En conséquence de quoi, la comédie éthique continue. La France fait ça, comme ça, comme on vient de voir, façon Casanova, à cheval sur une bossue, fissa', faut voir! Pendant qu'en voix off, l'hôtesse économiste à qui on pince les fesses, répète: mondieu! Le marché peut-il se réguler lui-même ou doit-il être mis sous surveillance? Y a les pour, y a les contre, ça équilibre. Ou encore, question subsidiaire, jarnilafrance! L'état national peut-il, doit-il, veut-il ou non, oh! Mondieu! Aidez-moi! Faîtes entendre votre voix! intervenir dans l'économie, pour relier l'économie réelle à l'économie virtuelle? Et si oui, jusqu'où? Et les USA n'ont plus qu'à faire comme si c'était bien ça qui est pour le mieux. Voilà qui résume l'actuel psychodrame de type new-hedge against inflation.
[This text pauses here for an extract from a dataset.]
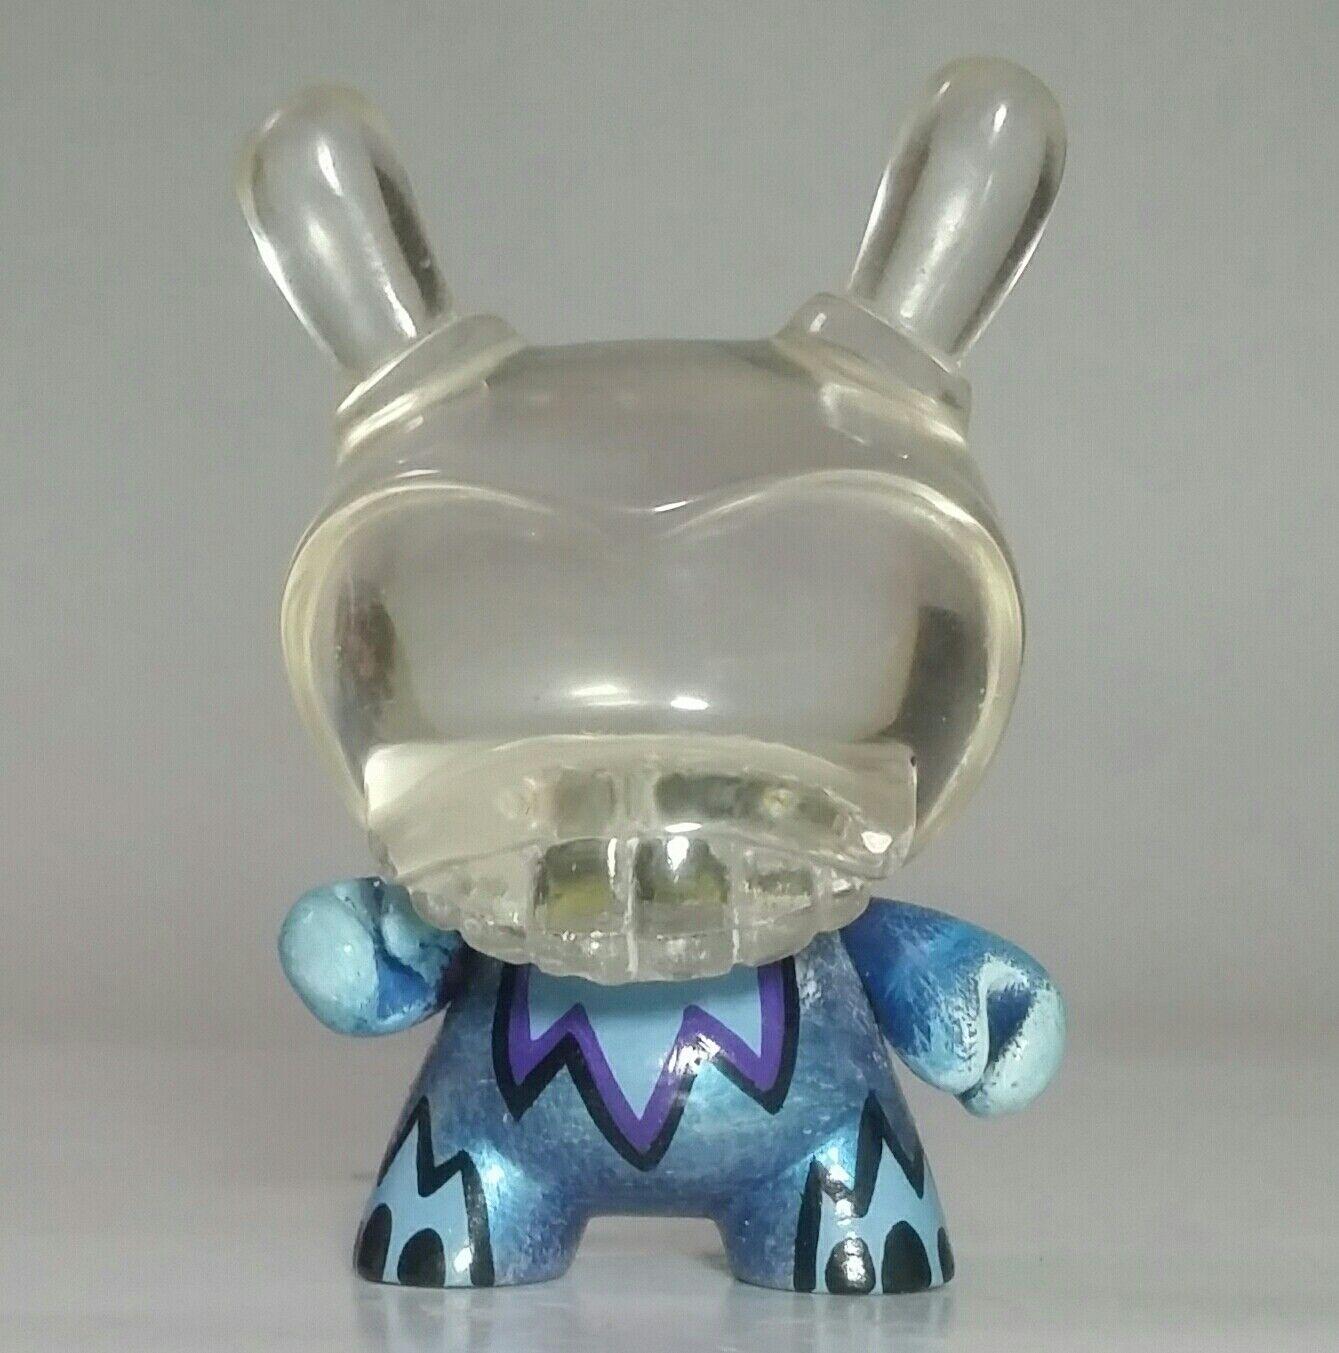 Rsin Art Kidrobot 3 Custom Dunny

Comment faire pour empêcher la brouette inflationniste, outre saloper l'économie standard, d'aplatir le portefeuille des ces messieurs-dames les bronzés, hiver comme été, aux UV? On parle maintenant de sortir le 122-2 européen et préempter la dette publique des PIG'S, pour ramener la spéculation à la raison. Mais n'est-ce pas ce que les états honnis ont fait, en les arrosant, via la grosse Commission, de subventions européennes payées par ces cochons de contribuables, taxables et corvéables à merci. Subventions qui sont le fruit de décisions étatiques, découlant de politiques économiques qui ont conduit au résultat qu'on sait. Et ces politiques économiques, un jour, qualifiées de bonne économie, deviennent un autre jour, comme par magie, de scandaleuses politiques, au gré du caprice orienté de l'éditorialiste de service. Cette séparation aussi commode qu'arbitraire et qui ne correspond à rien de réel, donne du grain à moudre aux libéraux de gauche et aux sociaux-républicains de droite, extrêmes compris, sinon quel lieu obscur, auront-ils, où se toucher, en gueulant, pig's! Cochons de pig's! Le bon état est donc l'état au service exclusif des besoins et classes capitalistes. Le problème est que ces classes se divisent en partis, coteries et autres gangs dont les intérêts s'opposent et fluctuent sans cesse. De quoi susciter le vertige et produire de l'idéologie à flux tendu.